It is well known that buildings constructed using unreinforced masonry (URM) are susceptible to damage from earthquake induced lateral forces that may result in partial or full building collapse. The 2010/2011 Canterbury earthquakes are the most recent New Zealand example of destructive earthquakes, which have drawn people's attention to the inherent seismic weaknesses of URM buildings and anchored masonry veneer systems in New Zealand. A brief review of the data collected following the 2010 Darfield earthquake and more comprehensive documentation of data that was collected following the 2011 Christchurch earthquake is presented, along with the findings from subsequent data interrogation. Large stocks of earthquake prone vintage URM buildings that remain in New Zealand and in other seismically active parts of the world result in the need for minimally invasive and cost effective seismic retrofit techniques. The principal objective of the doctoral research reported herein was to investigate the applicability of near surface mounted (NSM) carbon fibre reinforced polymer (CFRP) strips as a seismic improvement technique. A comprehensive experimental program consisting of 53 pull tests is presented and is used to assess the accuracy of existing FRP-to-masonry bond models, with a modified model being proposed.
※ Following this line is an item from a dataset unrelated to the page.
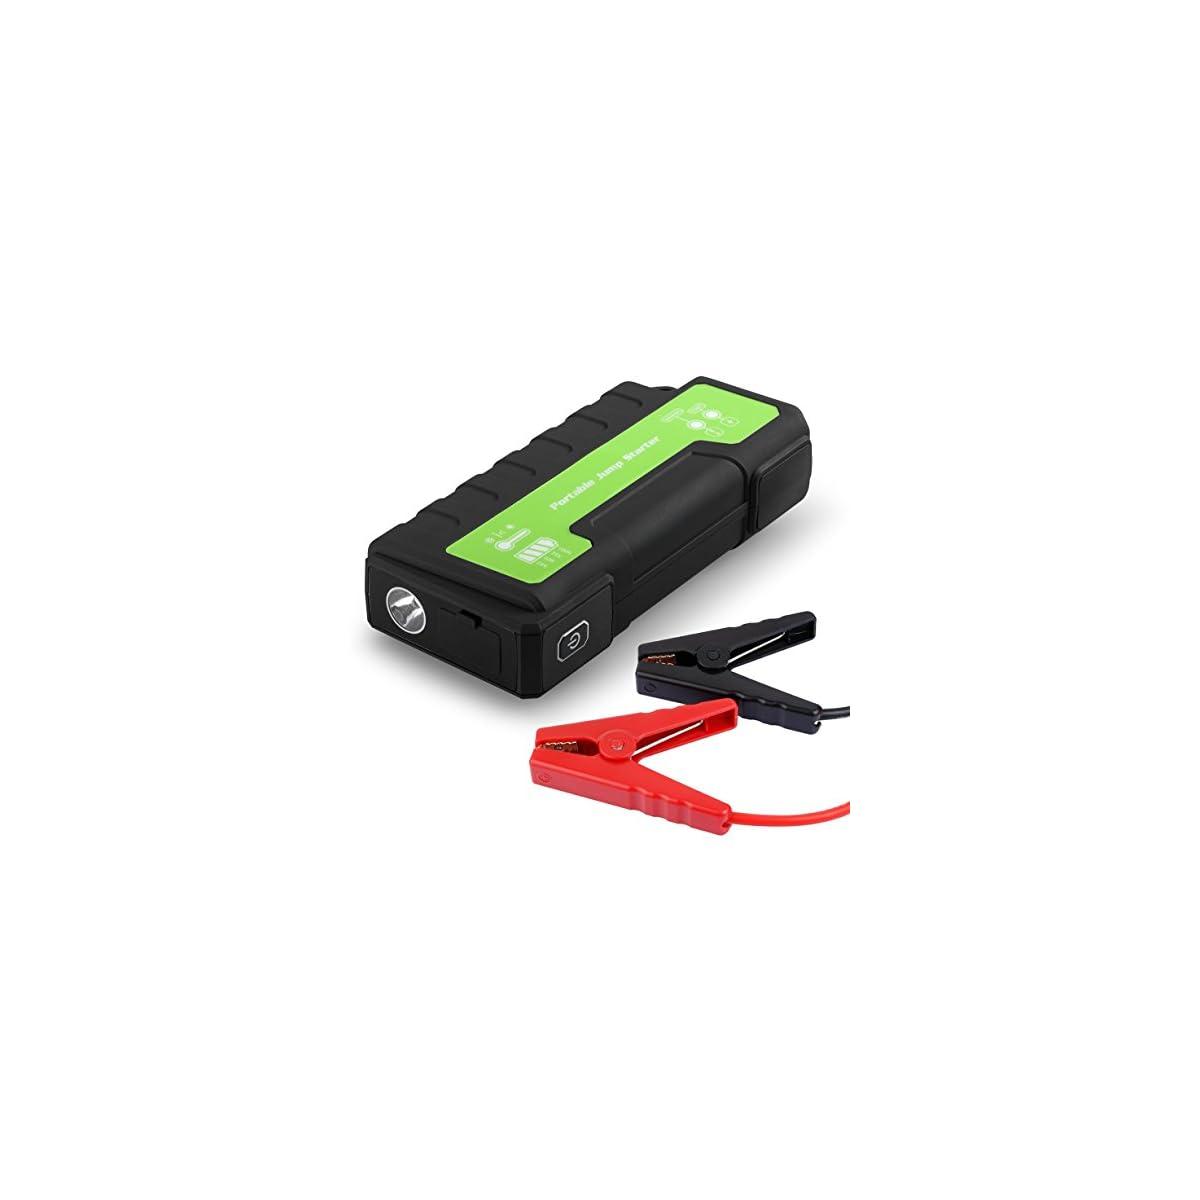 519 hmCrlcL. SS1200  - Maxesla Jump Starter de 18000mAh, 850A Batería Arrancador de Coche (Batería Externa Recargable, LED Flashlight,smartphones, tablets pc)

The strength characteristics of vintage clay brick URM wall panels from two existing URM buildings was established and used as a benchmark when manufacturing replica clay brick test assemblages. The applicability of using NSM CFRP strips as a retrofitting technique for improving the shear strength and the ductility capacity of multi-leaf URM walls constructed using solid clay brick masonry is investigated by varying CFRP reinforcement ratios. Lastly, an experimental program was undertaken to validate the proposed design methodology for improving the strength capacity of URM walls. The program involved testing full-scale walls in a laboratory setting and testing full-scale walls in-situ in existing vintage URM buildings. Experimental test results illustrated that the NSM CFRP technique is an effective method to seismically strengthen URM buildings.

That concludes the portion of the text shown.